Эта была настолько волнующая тема, что я не постеснялся выложить ему все – и про председателя домкома, толстого, окрашенного в самоварную краску человека в барашковой шапке и с барашковым же воротником. Он любил сидеть, растопырив локти и медными глазами изучая дыры на моем полушубке. Описал членов управления в барашковых шапках, окружавших своего предводителя».
«… – Пожалуйста, пропишите меня на совместное житье, – упрашивал я, – ведь хозяин комнаты ничего не имеет против, чтобы я жил в его комнате. Я очень тихий. Никому не буду мешать. Пьянствовать и стучать не буду…
– Нет, – отвечал председатель, – не пропишу. Вам не полагается жить в этом доме.
– Но где же мне жить? – спрашивал я. – Где? Нельзя мне жить на бульваре.

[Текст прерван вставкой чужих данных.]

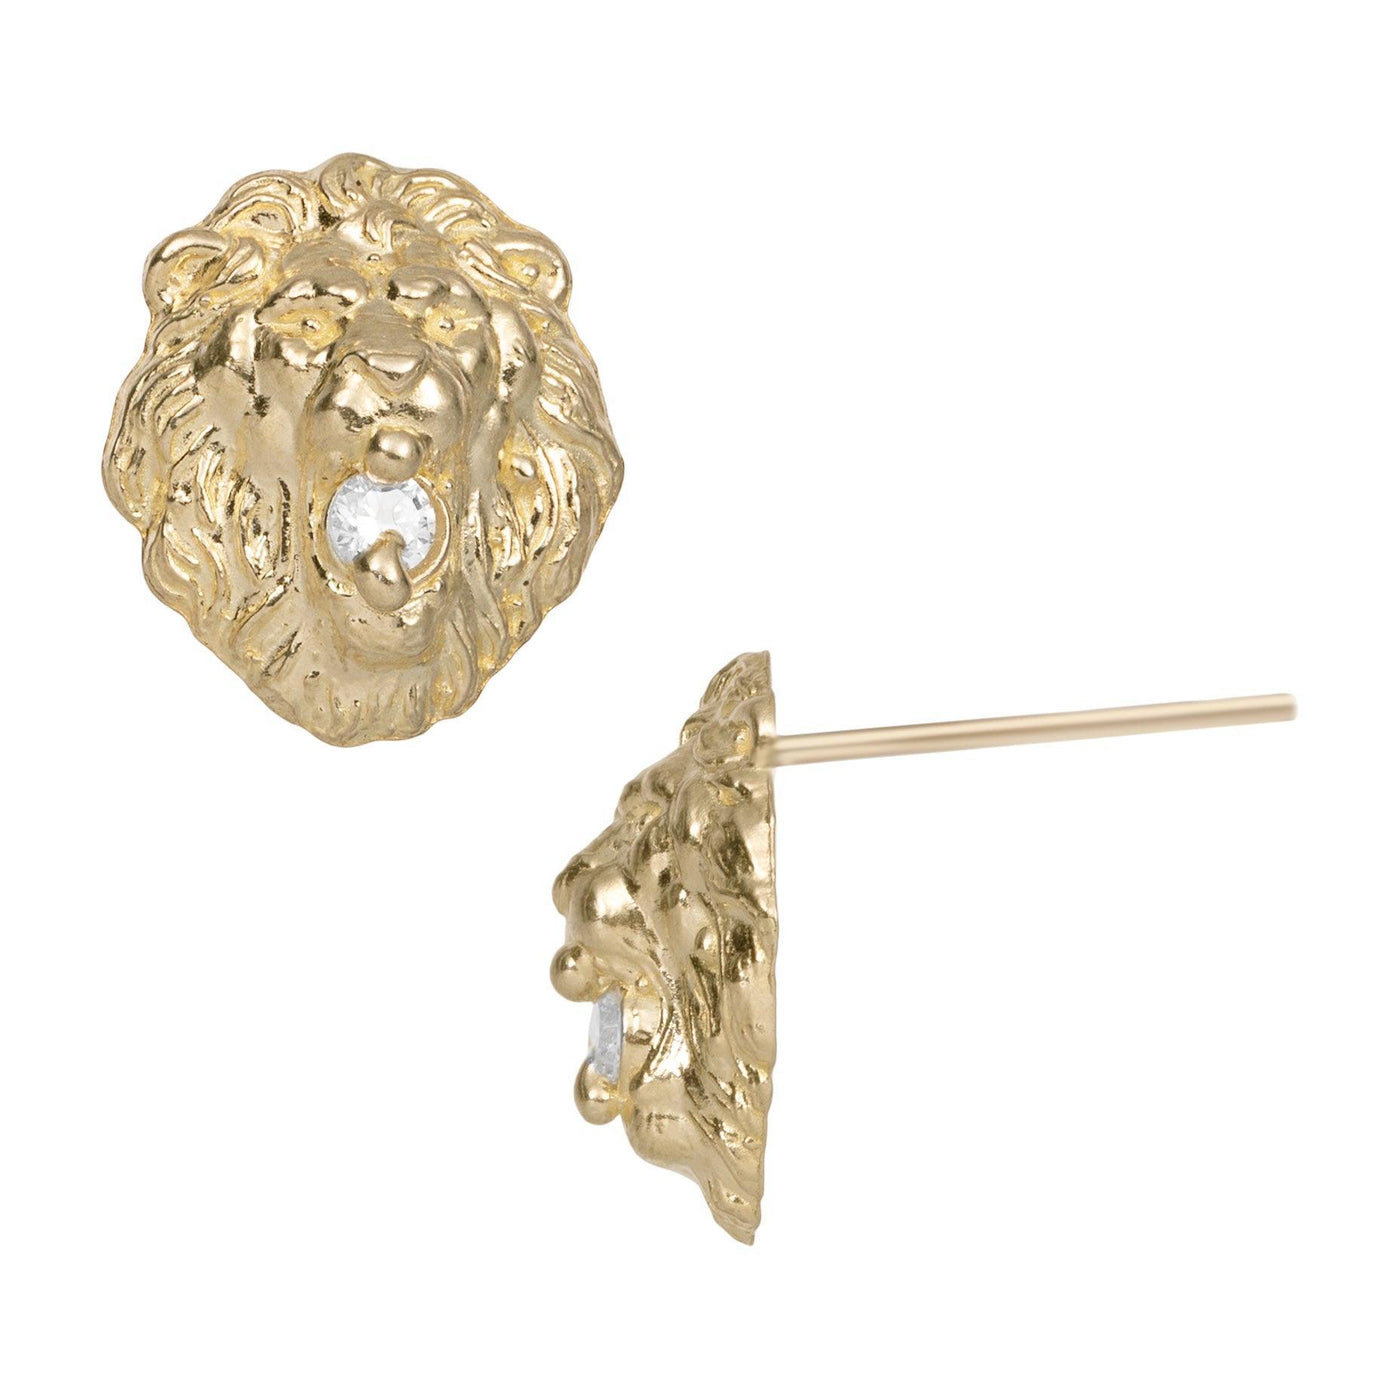 Small Roaring Lion Head CZ Stud Earrings Solid 10K Yellow Gold - bayamjewelry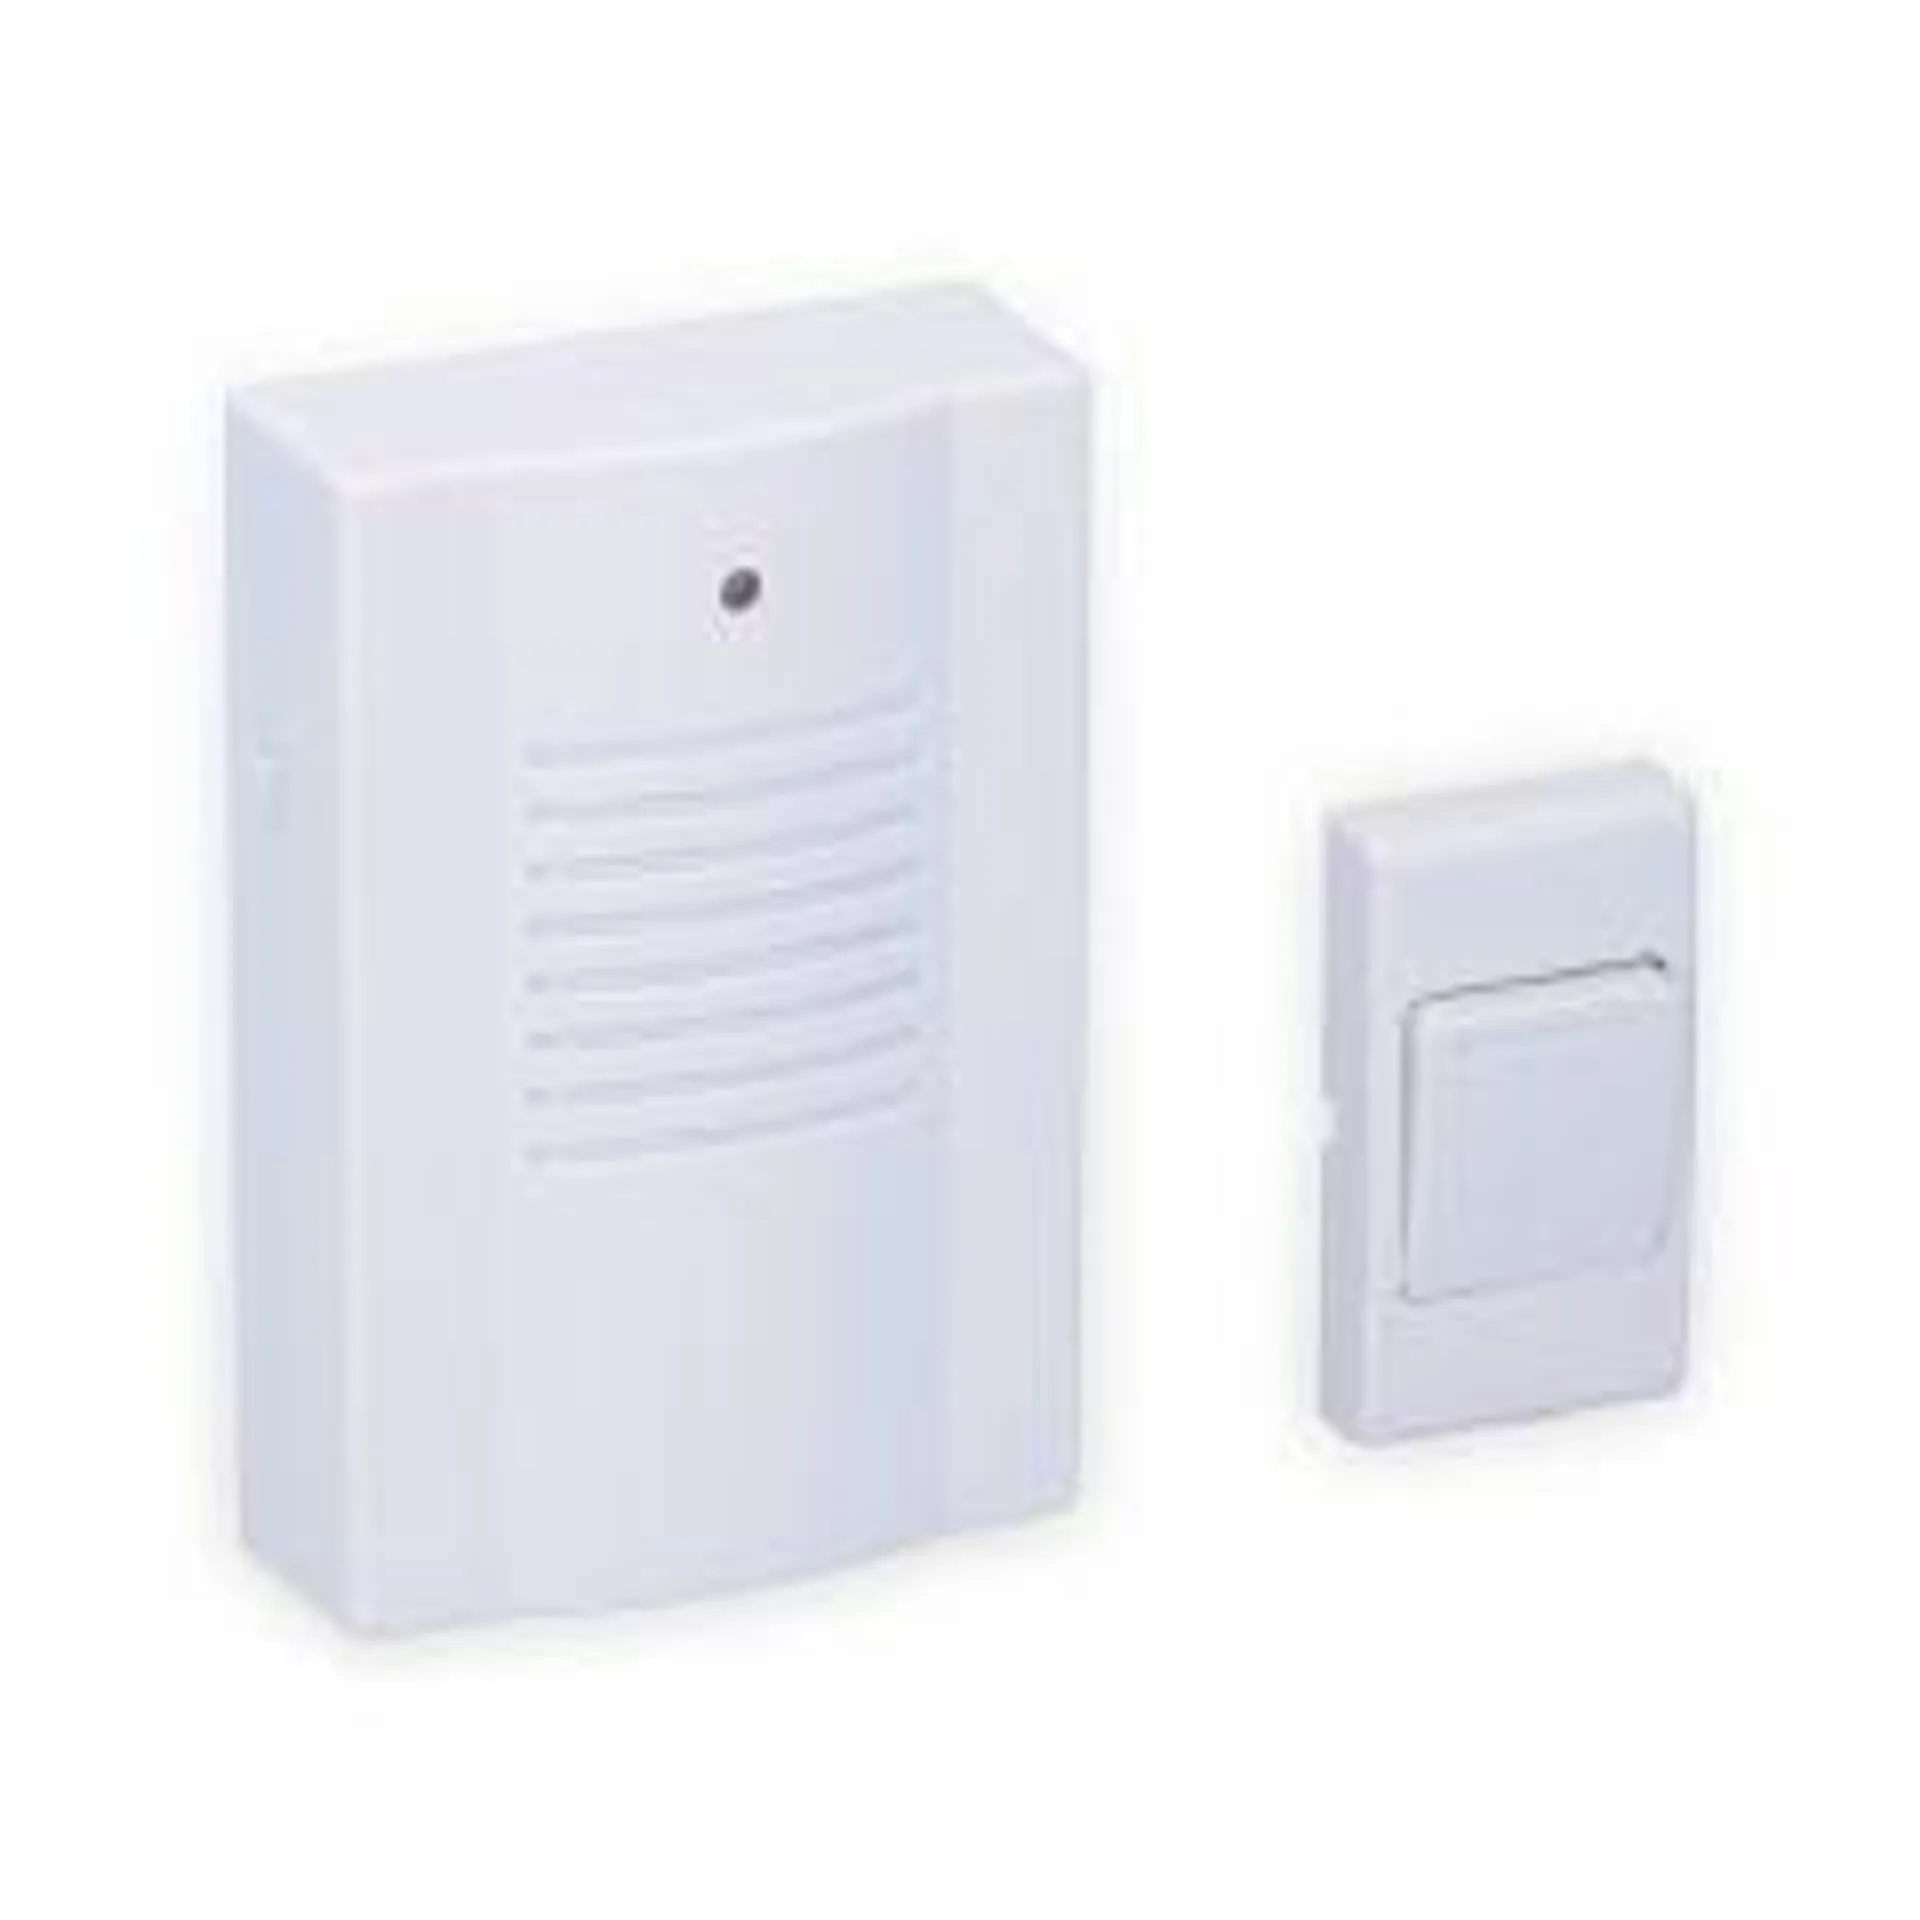 DB-1 Wireless Doorbell

– Это меня не касается, – отвечал председатель, а его сообщники железными голосами кричали: – Вылетайте, как пробка!
– Я не пробка… я не пробка, – бормотал я в отчаянии, – куда же я вылечу? Я – человек».
«… – Отчаяние съело меня. Мои хождения продолжаются вторую неделю. Жену пристроил в медицинское общежитие, но и там ей покоя не дают. А сегодня ко мне явился какой-то хромой человек, в руках банка от керосина, и заявил, что, если я сегодня сам не уйду, завтра меня выведет милиция. Вот я и отправился на бульвар.
Незнакомец закурил, потом ткнув в мою сторону трубкой, поинтересовался:
– Почему вы, товарищ, решили, что советская власт – это вижиги из домкома? Это скорее отрыжка НЭПа, а не советская власт.
Превращение «завзятого белогвардейца» в «товарища» произошло настолько внезапно, что я растерялся. Слова не мог вымолвить. В тот момент мне ничего не оставалось как обратиться к Богу – так бывает?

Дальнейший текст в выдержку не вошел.